Сбежав от непонятных ей терминов вроде рюшек, далматики и какого-то марлота — Маня во дворе на радостях вместе с детьми принялась валять Трезора, позабыв о своих же недавних словах о запахе. Для полного счастья не хватало только Лёши, который сейчас, скорее всего — штурмовал какой-нибудь курумник в окрестностях Зюраткуля, в условиях, максимально приближенных к боевым. Ничего, скоро он вернется и уж тогда она встретит его во всеоружии! А по поводу впечатления, которое Дуняша произведет на Константина — Маня вообще не волновалась. Он на неё в застиранном то рабочем врачебном халатике смотрел как на икону, а на дне рождения в харчевне — всё больше отмалчивался, словно проглотив язык…


В то время, как мысль о сольной карьере едва-едва забрезжила в очаровательной головке Мани — Макаров приступил к делу с размахом. И уже пятого июня, сразу после днюхи подполковника в харчевне — организовал вокально-инструментальный ансамбль, джаз-банд и даже один бой-бенд из бывших выпускников горного училища. Из уличенных в нечистоплотности и попытках присвоить ценные сведения из будущего. Репетировали сейчас на базе бывшего древлеправославного скита, оглашая окрестности чистосердечными признаниями и неподдельным раскаянием. Перед короткими гастролями в один конец…


А сам Александр Семёнович наконец-то, с помощью подсказок Павла Петровича — освоил выделенный смартфон. Функции диктофона, фото-и видеосъемки привели его в восторг, испробовав зум — долго игрался, с сожалением обронив: «В отрочестве бы мне этот прибор, когда в папенькиной усадьбе за девками на реке подглядывал…»


Император тогда же, вечером пятого — вызвал Павла Строганова, с порога объявив:


— Отправлю-ка я тебя к батюшке, Пашка, пока лишнего не вынюхал. Посидишь в пермской вотчине под домашним арестом до осени. Потом катись на все четыре стороны, хоть и в Европу. К тому времени пронюхают про наши дела, и любой русский, даже завалящий, в цене будет. Как учитель великого и могучего…

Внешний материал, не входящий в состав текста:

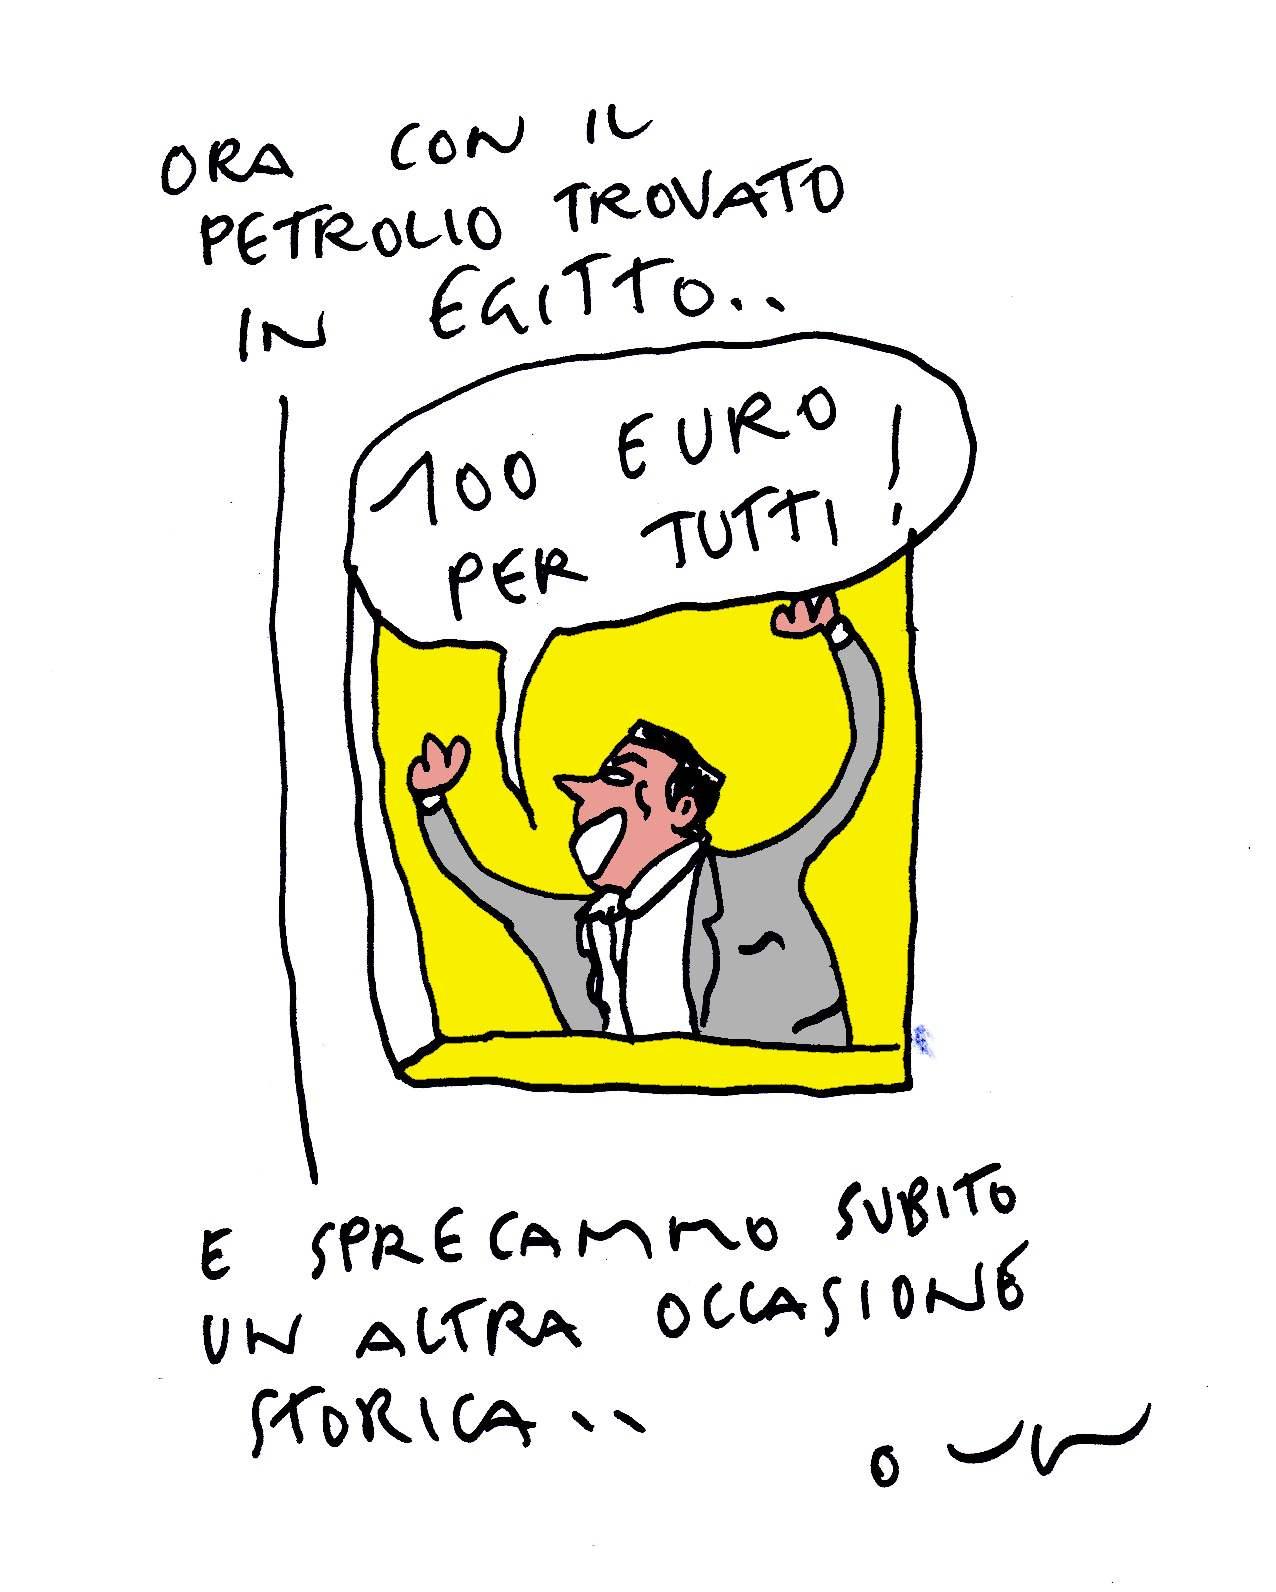 100 euri petrolio egittok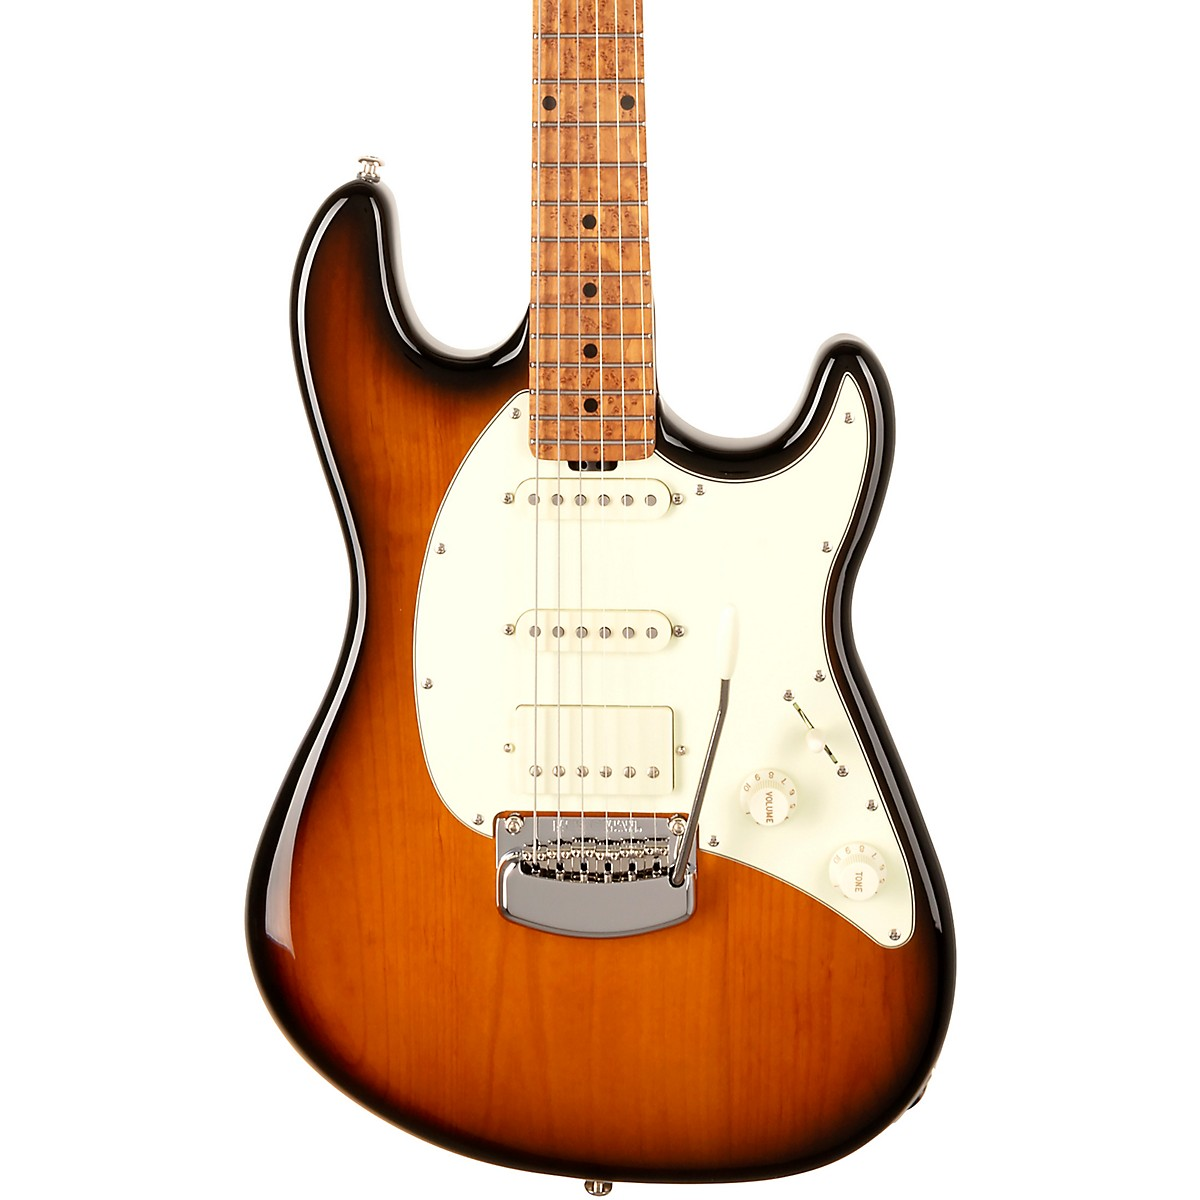 Ernie Ball Music Man Cutlass HSS Trem Electric Guitar

— Я был нетрезв, мое поведение недостойно русского дворянина! — Повалился в ноги Паулюс, всё как учил Егор. — Я был нетрезв, простите меня, Ваше Величество! Хочу послужить отечеству!

— Тогда смотри! — Повеселел самодержец. — Про судьбу отступников и предателей, коих сегодня прямо из кроватей сонных выдернули, слышал⁈ Разглашение и утаивание сведений, полученных здесь, приравнивается к государственной измене и прямом пособничестве врагу! Подумай до завтра, и если решение твердо, подпишешь бумаги. И от меня условие, возьмешь своих малолетних братьев, что вскорости приедут, под свой патронаж. И рожу не криви, что ублюдки! Это братья твои! Отец дюже закручинился и опечалился, узнав о судьбе пресекшегося корня строгановского, так что смирись! А паче того, дружбу заведи с братьями, как старший!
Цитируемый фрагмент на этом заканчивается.